The 1st order curve supports values (0|1) on both x and y axis - giving us 2 bit binary numbers of the range from 0,1,2,3.

Then the 2nd order curve supports values (0|1|2|3) on ... - giving us 4 bit binary numbers of the range 0,1...,15 and so on...

Therefore, using the same p value (or n iterations) for calculated distances along both curves will be bound by the same size hypercube.

The maximum discrete distances along each order are as follows;

iterations = 16 # or p n = 2 # two-dimension max_discrete_distances = [] for p in range(iterations): max_discrete_distances.append(2 ** (n*p) - 1 ) # -1 to start index at 0 max_discrete_distances[1:] # from 1st to 15th order curve

long story short, yes it denotes the same concept.

Cool! Thanks for the great explanation!

The p (or order of curve) value will control the number of iterations in constructing the [Hilbert/Morton] curve.

But as far as I can see, to calculate the Morton curve, we are not using any iterations? (in contrast to Hilbert curve)
The encode_morton and part1by1 seem to do a fixed set of computations independent of p.

(the explanation that it controls the size of the hypercube (and thus the precision of the calculated distances) is of course still valid nonetheless)

(I suppose the "classical" implementation also uses loops, but the bit-shifting method is an optimized version that doesn't require loops)

jorisvandenbossche

Naming question: if I google "morton distance", I basically get no useful result (while "hilbert distance" does give something useful). For google it, you rather need something like "morton curve". So wondering if "morton distance" is the best name (although it's of course the "distance along the curve", I suppose?
Now, that still results in a wiki page for which the main title is "Z-order curve", so we could also consider using "Z-order" instead of "Morton" for the naming?

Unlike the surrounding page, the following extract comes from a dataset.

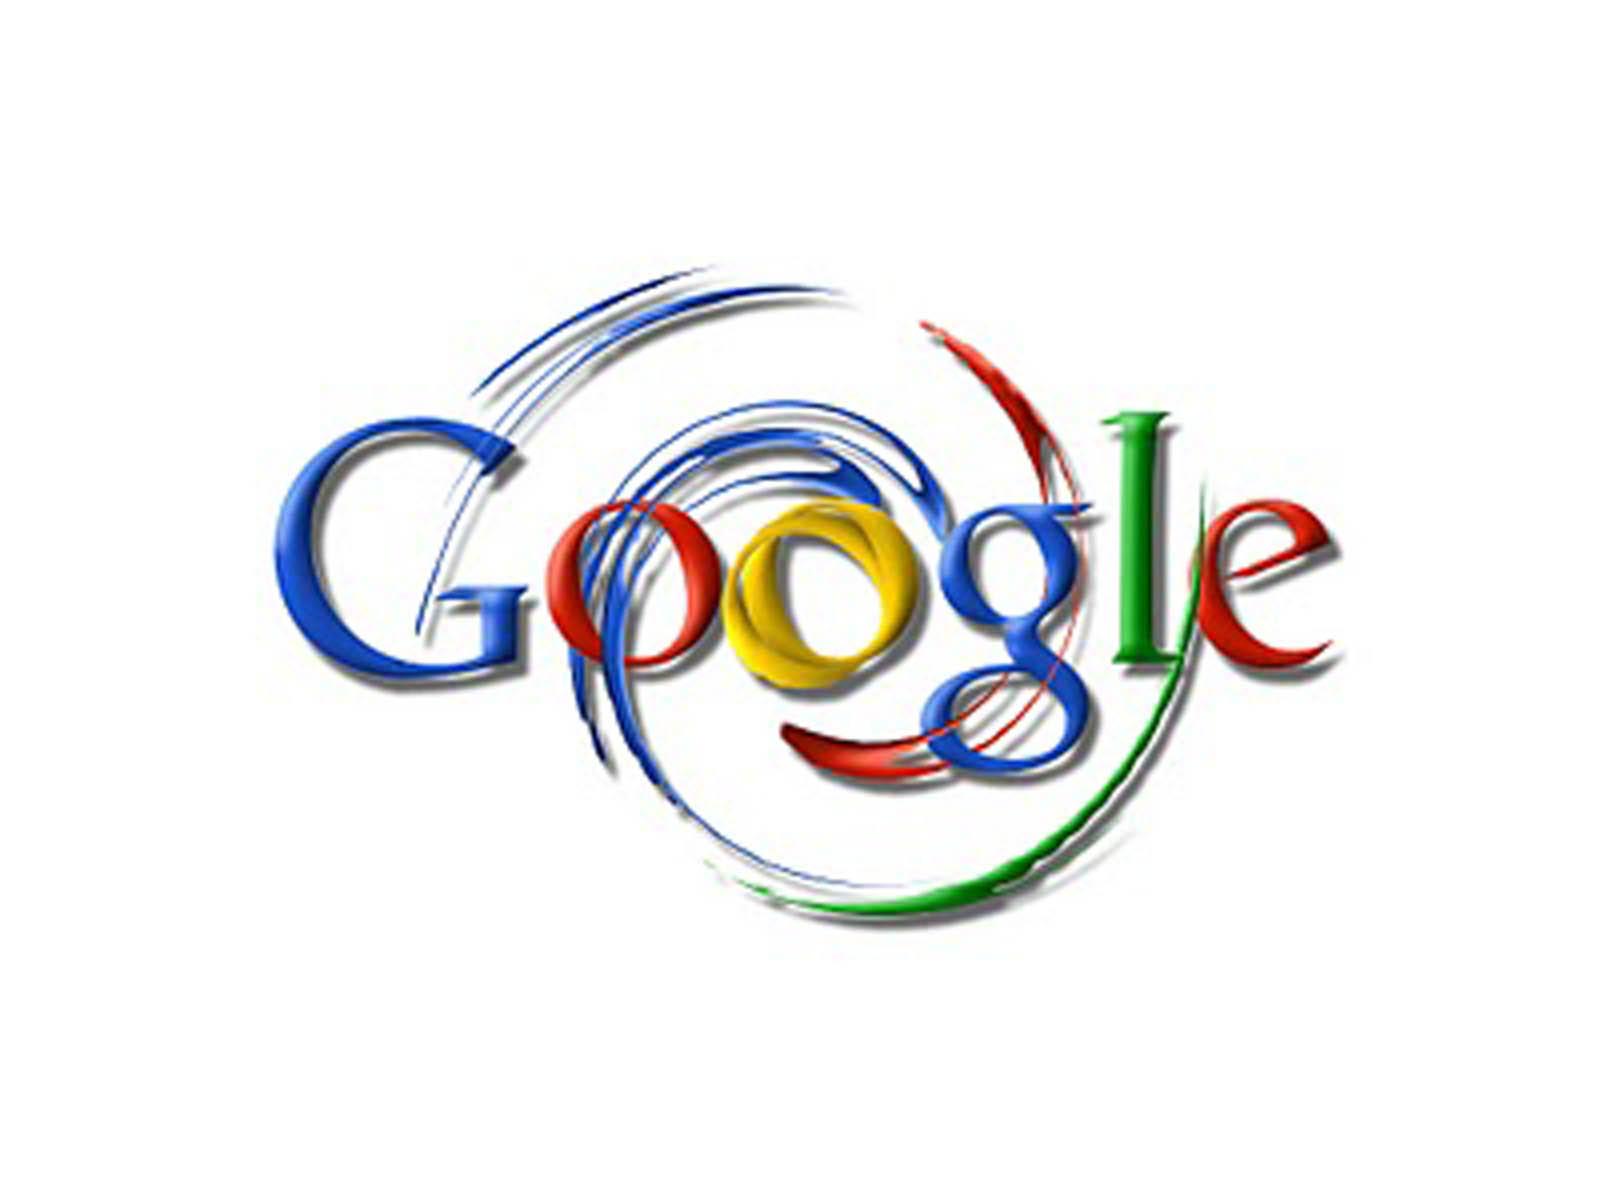 wallpapers Google Desktop Wallpapers 1600x1200

dask_geopandas/morton_distance.py

jorisvandenbossche · 2021-08-04T18:28:42Z

When compared to the Hilbert distance, there is very little difference in compute time.

I suppose that with using the numpy-based implementation, this will become faster. A
lso, best test the performance on somewhat larger data (eg I see in your notebook that you are timing it on the "naturalearth_lowres" data, which is tiny. If you profile that timing (eg with snakeviz), you'll see that you are mostly measuring overhead, and the actual hilbert/morton encoding only is a small part). You can also easily combine the data multiple times to artificially get bigger data (gdf=pd.concat([gdf]*1000, axis=0))

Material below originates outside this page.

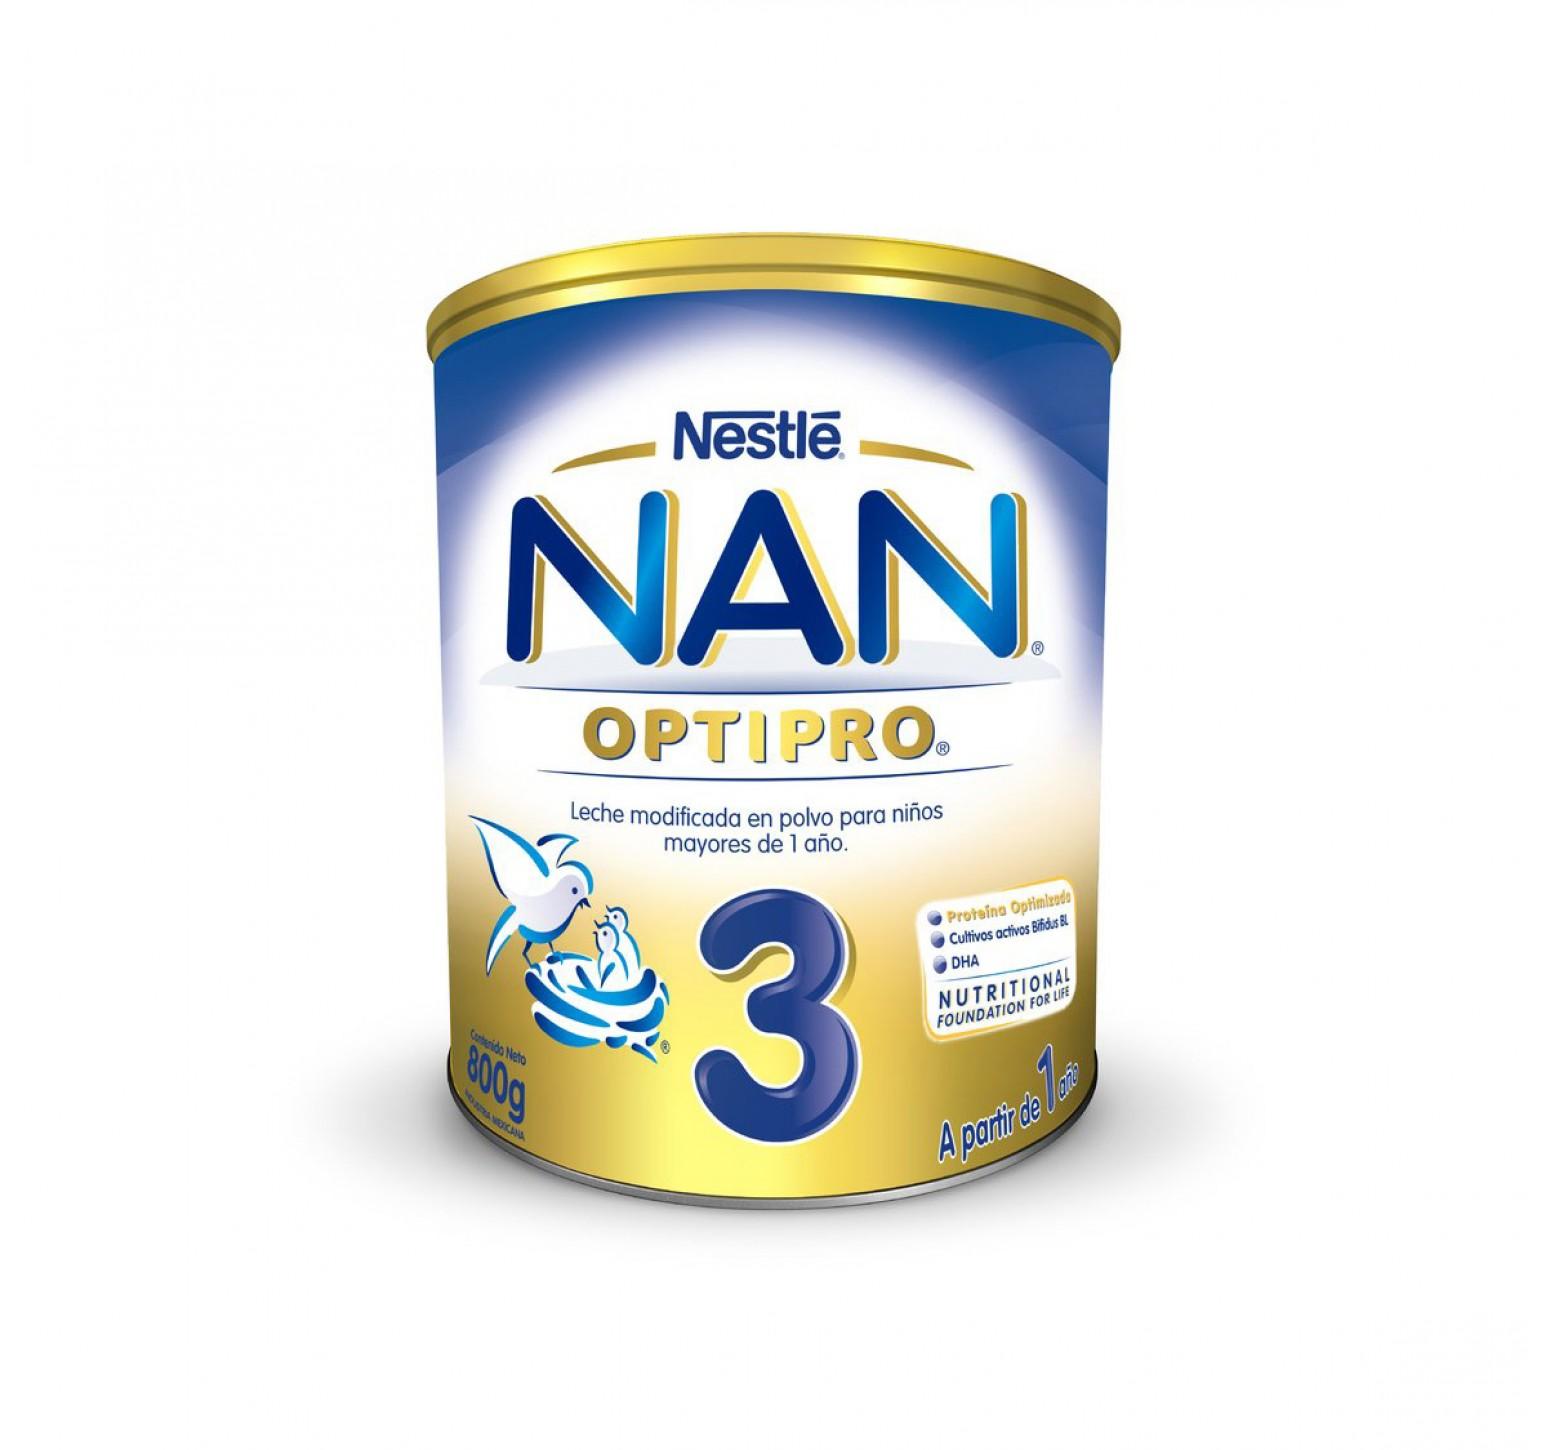 Nestlé Leche en polvo Nan 3 OptiPro (800 gr.)

continuous_integration/envs/39-dev.yaml

tastatham · 2021-08-05T11:05:55Z

Naming question: if I google "morton distance", I basically get no useful result (while "hilbert distance" does give something useful). For google it, you rather need something like "morton curve". So wondering if "morton distance" is the best name (although it's of course the "distance along the curve", I suppose?
Now, that still results in a wiki page for which the main title is "Z-order curve", so we could also consider using "Z-order" instead of "Morton" for the naming?

I did think about this briefly and thought that the naming of the morton_distance was appropriate. This is because;

We are calculating the distance along the Morton/Z-order curve.
To not confuse Z-order with Z-dimension
It's consistent with the hilbert_distance function (which we can also change)

I'm happy to discuss this later on in the call.

Co-authored-by: Joris Van den Bossche <jorisvandenbossche@gmail.com>

tastatham · 2021-08-05T11:11:44Z

When compared to the Hilbert distance, there is very little difference in compute time.

I suppose that with using the numpy-based implementation, this will become faster. A
lso, best test the performance on somewhat larger data (eg I see in your notebook that you are timing it on the "naturalearth_lowres" data, which is tiny. If you profile that timing (eg with snakeviz), you'll see that you are mostly measuring overhead, and the actual hilbert/morton encoding only is a small part). You can also easily combine the data multiple times to artificially get bigger data (gdf=pd.concat([gdf]*1000, axis=0))

Good point, I will profile this and the numpy version using the artificial dataset.

dask_geopandas/core.py

brendan-ward

Good progress! The main changes are to update the docstrings.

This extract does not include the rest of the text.